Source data
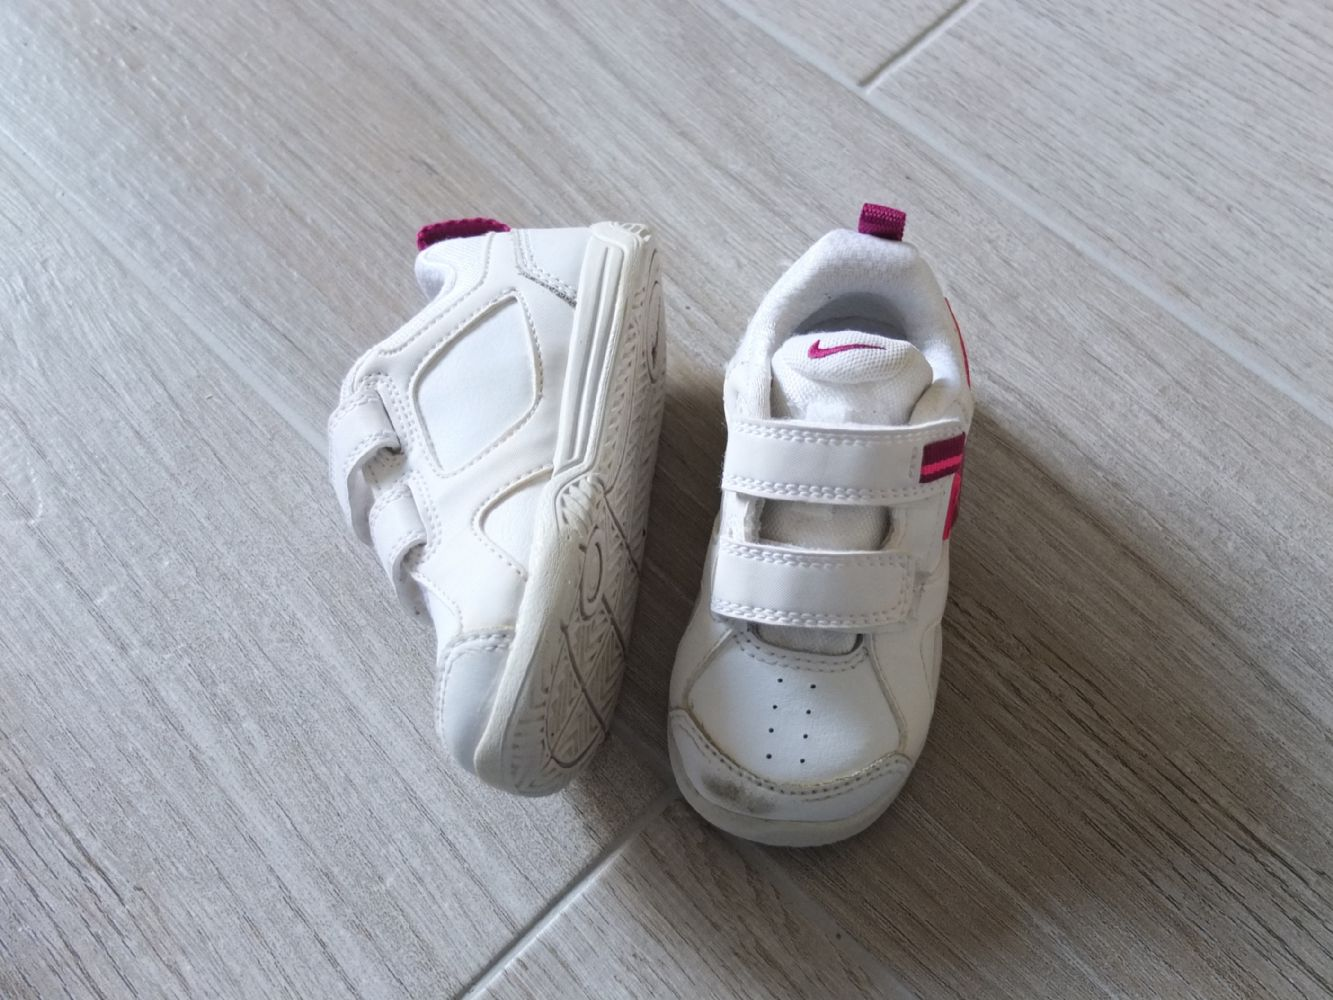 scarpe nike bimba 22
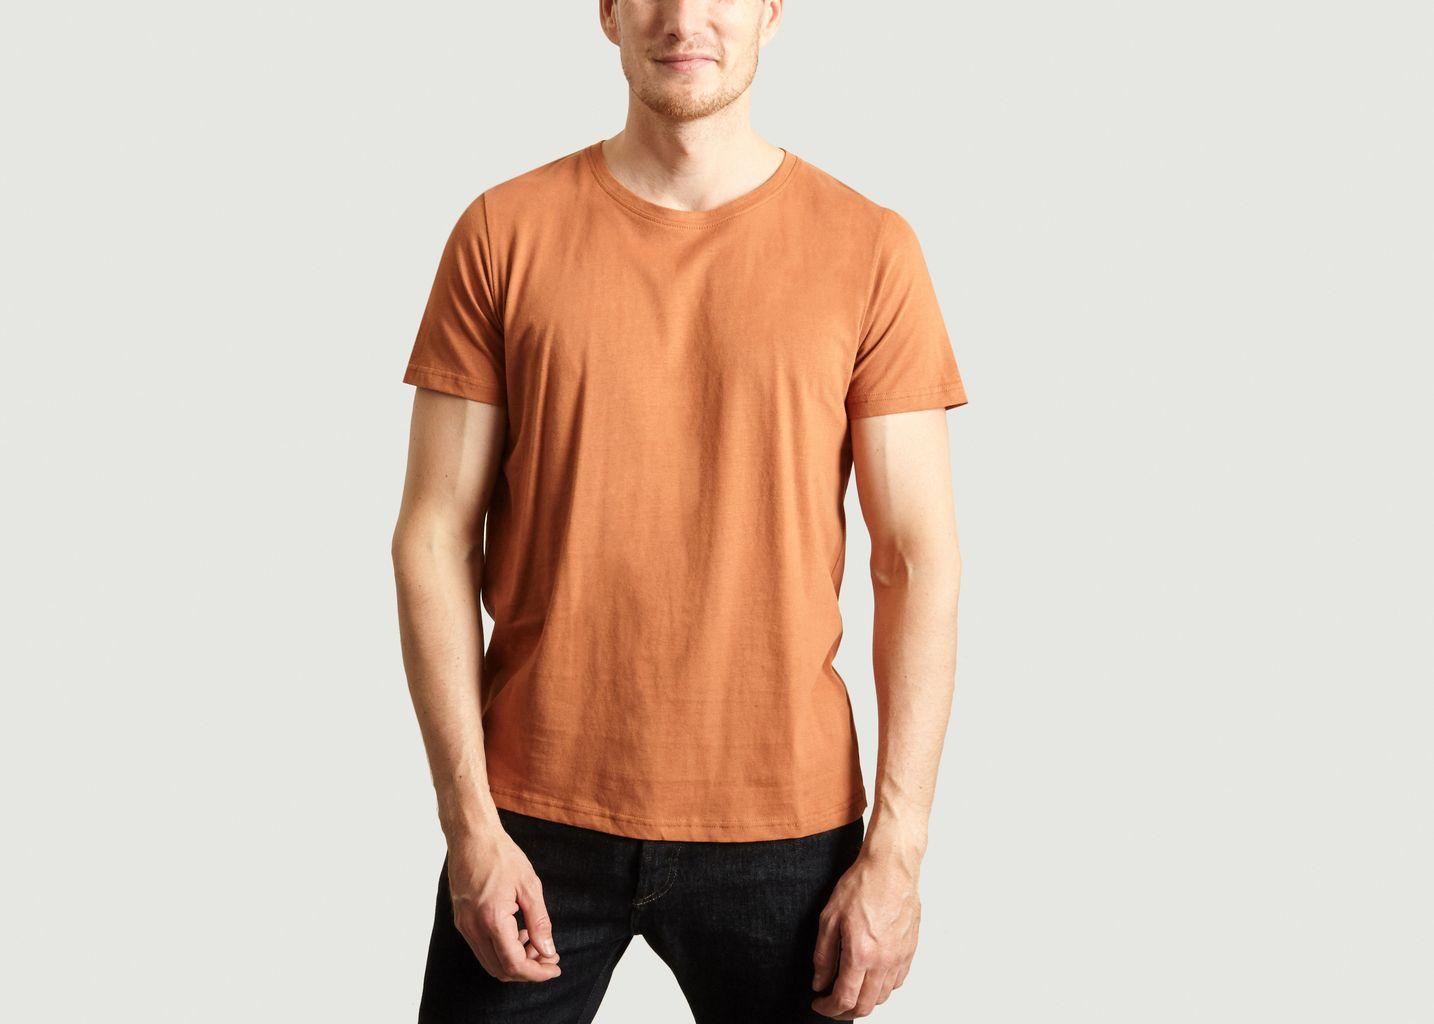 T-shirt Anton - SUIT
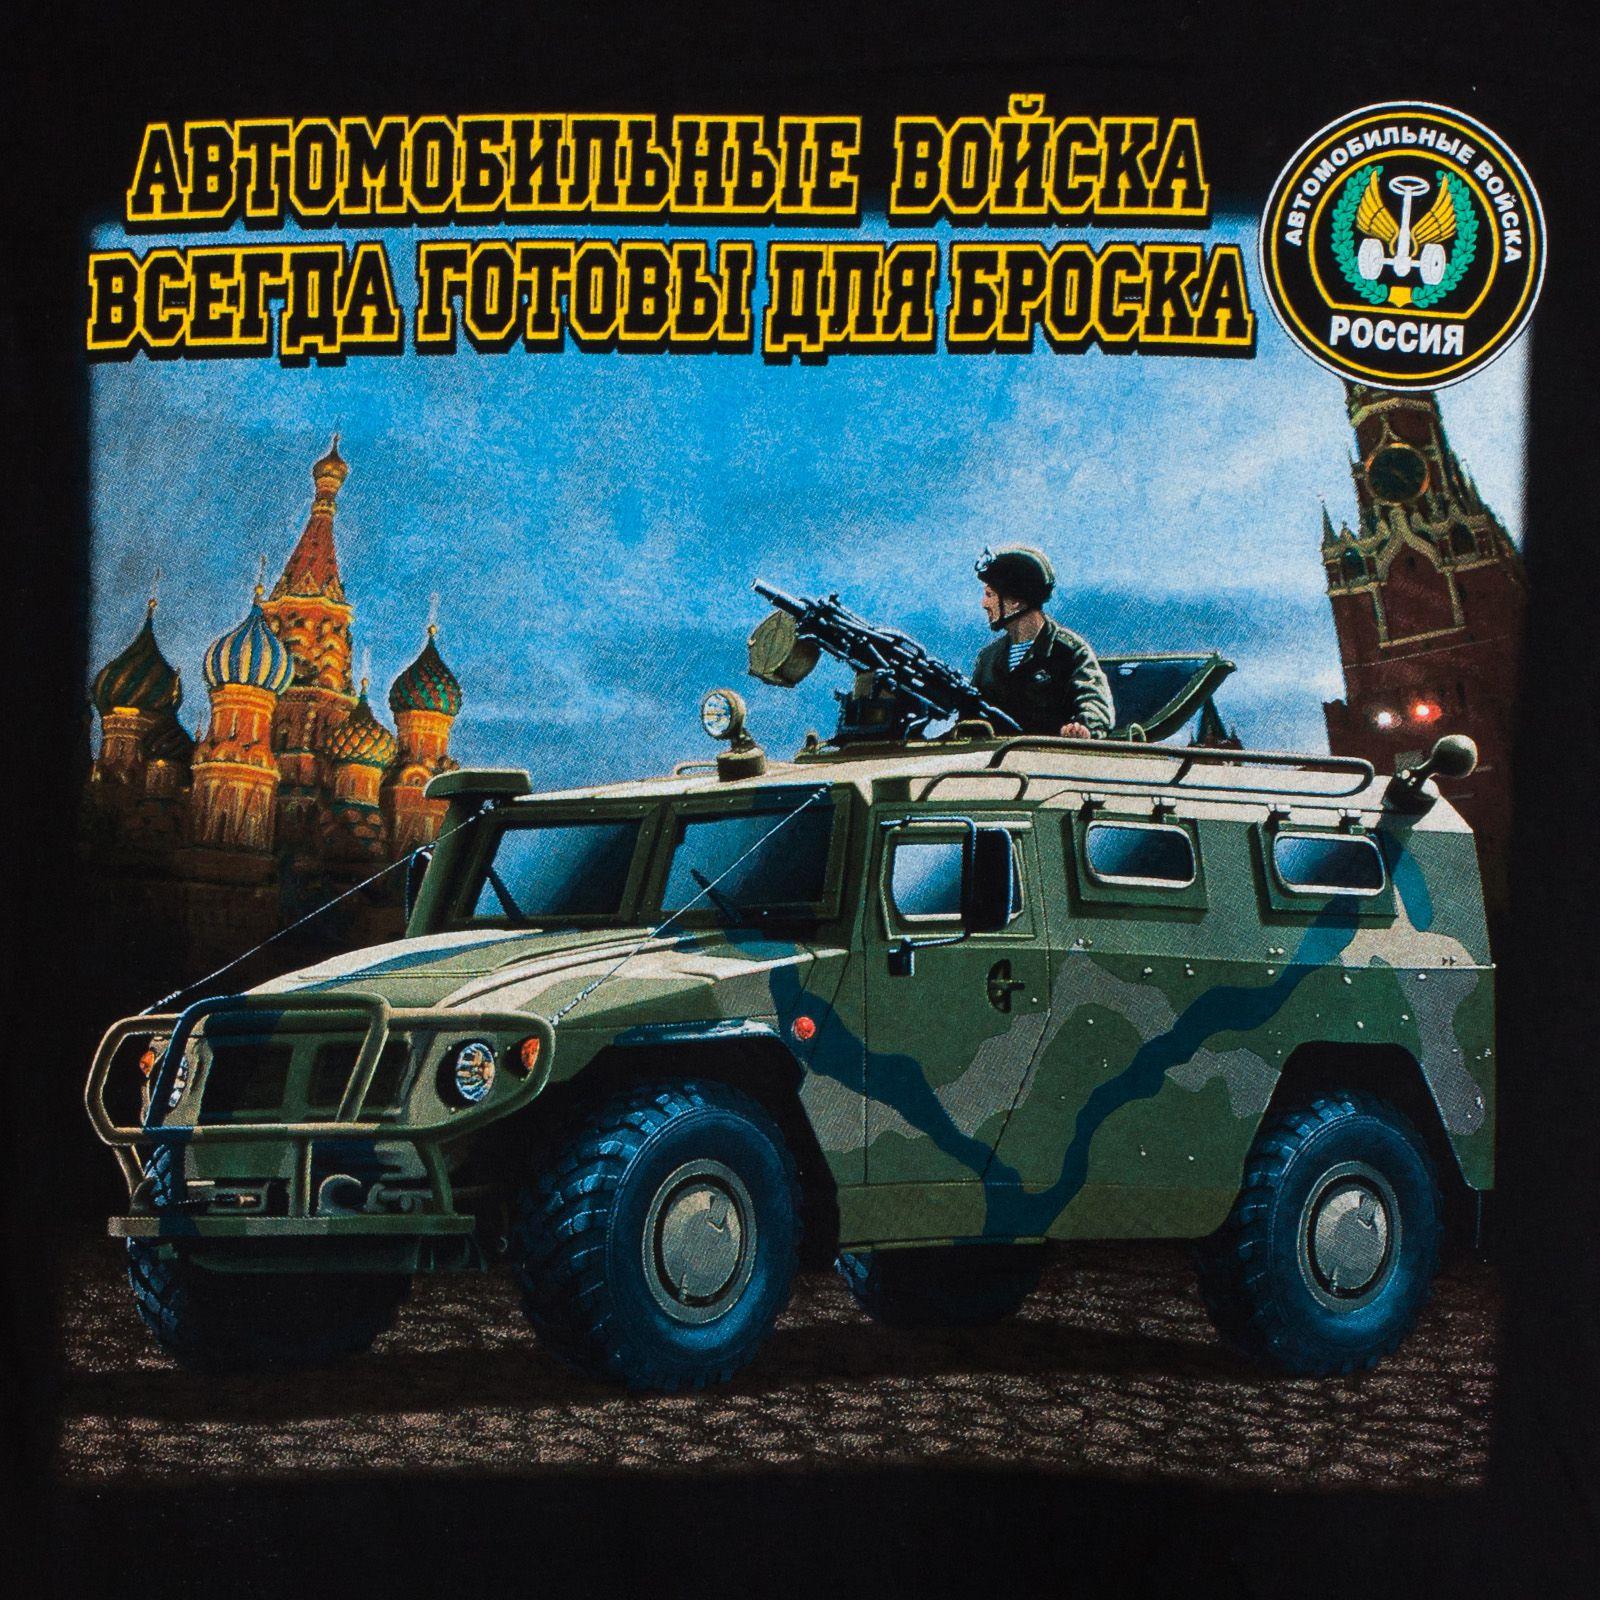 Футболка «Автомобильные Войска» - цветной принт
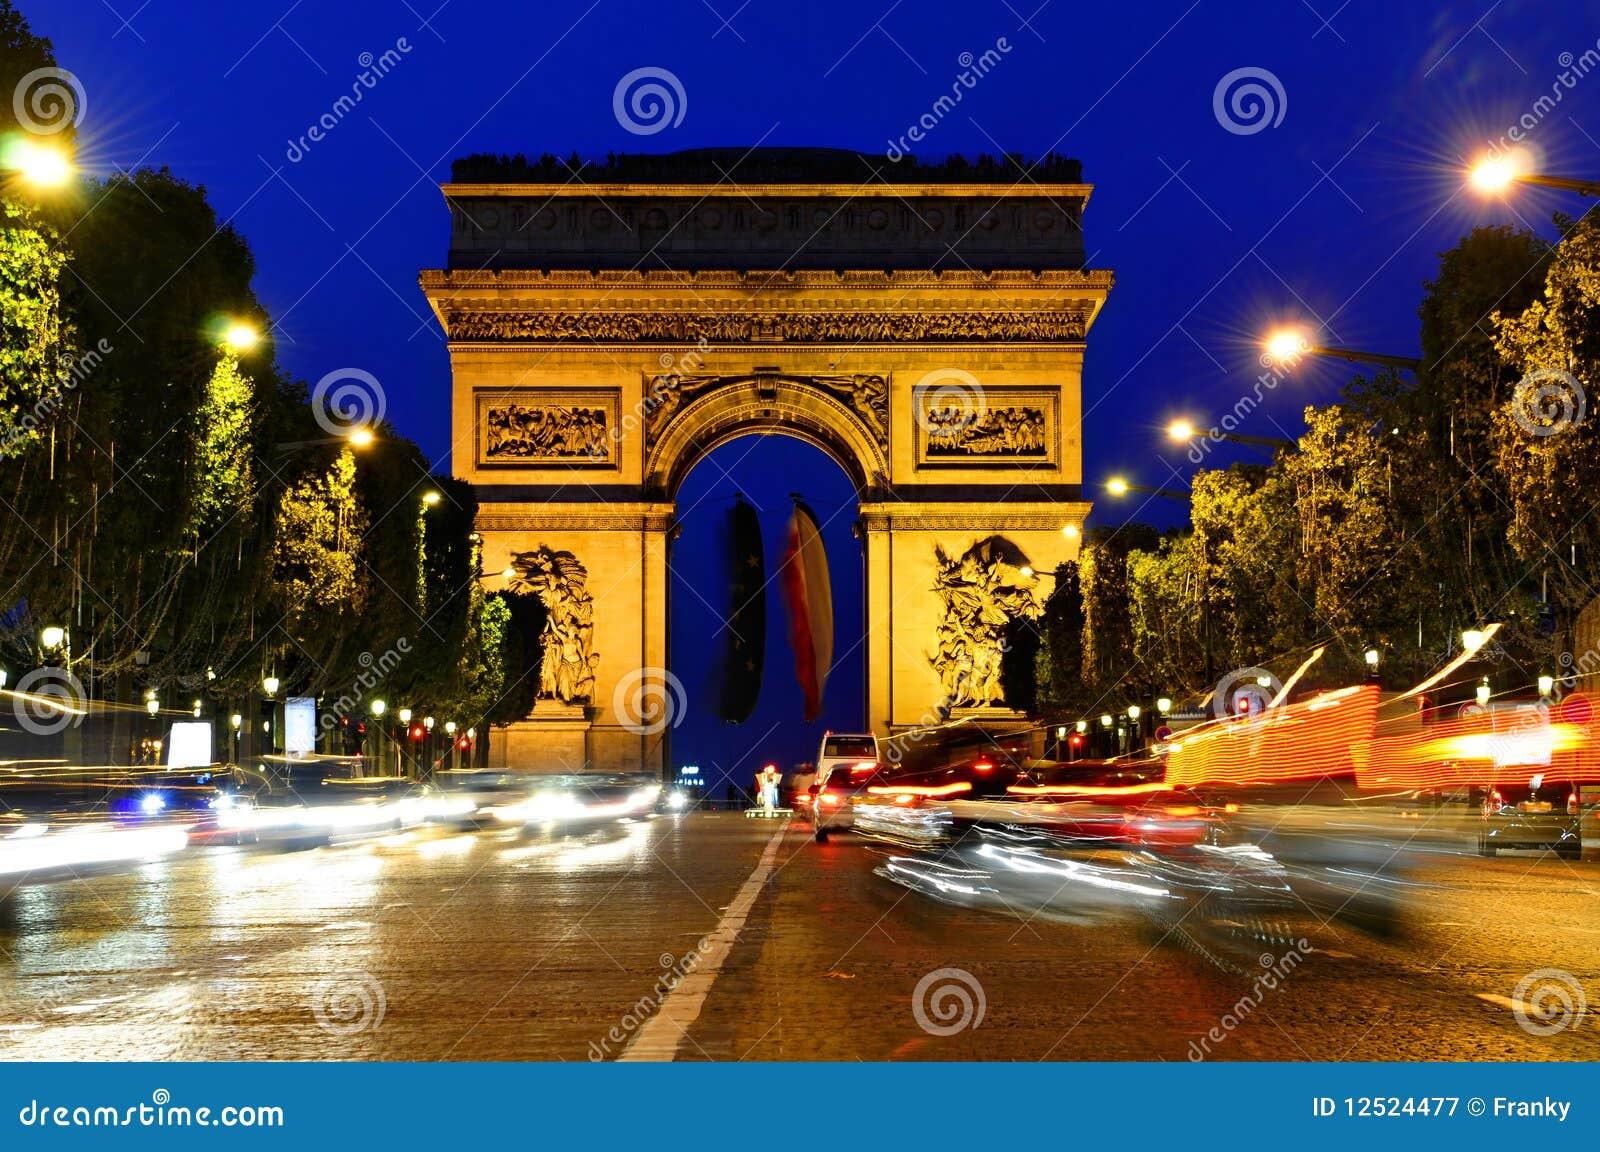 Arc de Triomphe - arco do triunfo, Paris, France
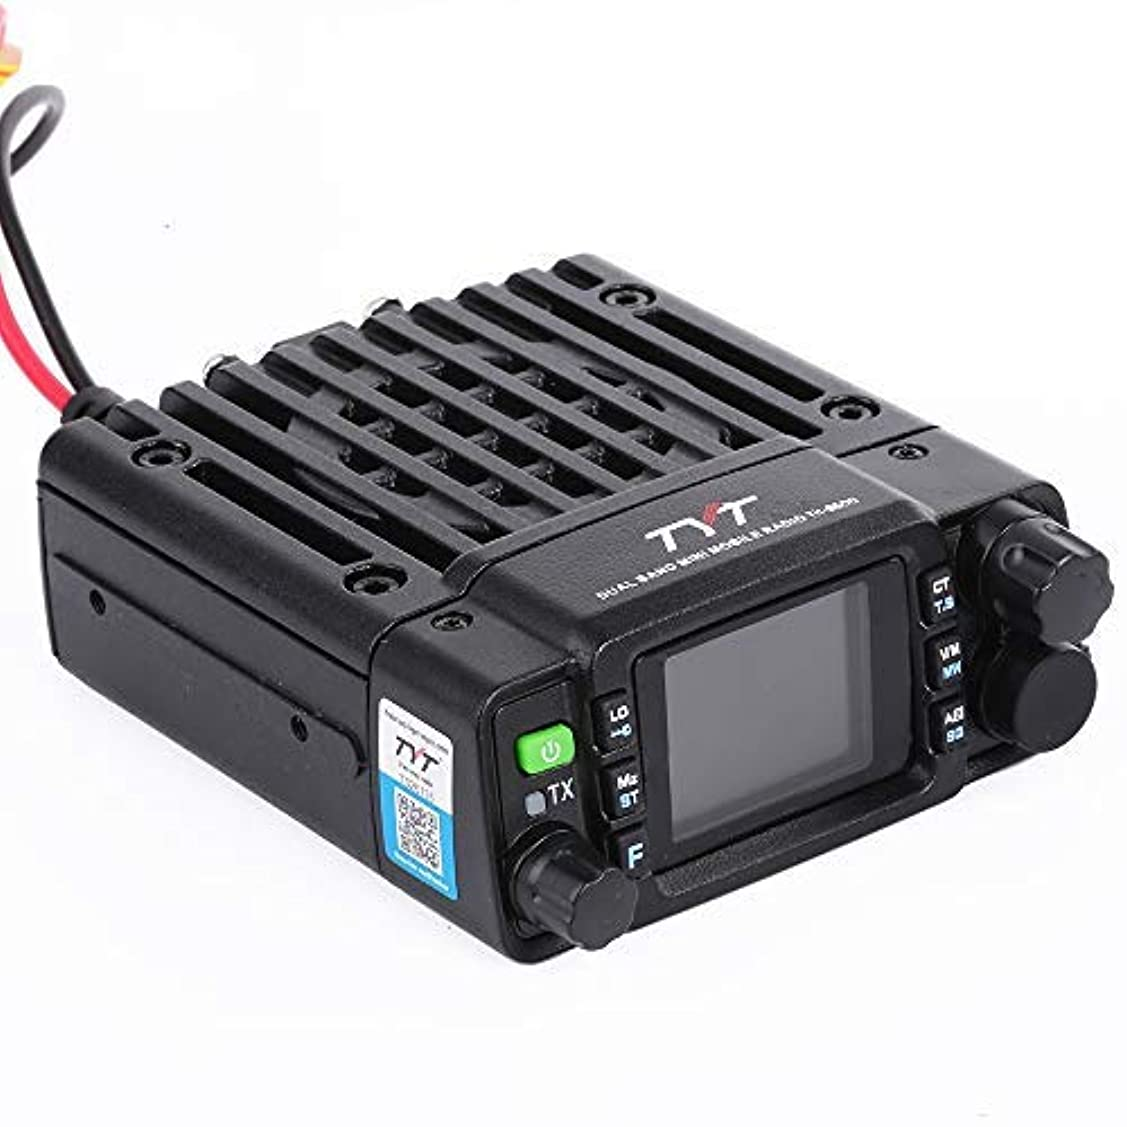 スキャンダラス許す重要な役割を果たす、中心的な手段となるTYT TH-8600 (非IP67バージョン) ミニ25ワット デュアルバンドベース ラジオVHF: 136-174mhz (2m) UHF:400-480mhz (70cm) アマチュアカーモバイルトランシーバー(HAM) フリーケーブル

What you should do:
With the pictures omitted, reproduce the data above exactly.

Answer for this exercise:
 scarpe nike bimba 22
 T-shirt Anton - SUIT
 Футболка «Автомобильные Войска» - цветной принт
 Arc de Triomphe - arco do triunfo, Paris, France
 スキャンダラス許す重要な役割を果たす、中心的な手段となるTYT TH-8600 (非IP67バージョン) ミニ25ワット デュアルバンドベース ラジオVHF: 136-174mhz (2m) UHF:400-480mhz (70cm) アマチュアカーモバイルトランシーバー(HAM) フリーケーブル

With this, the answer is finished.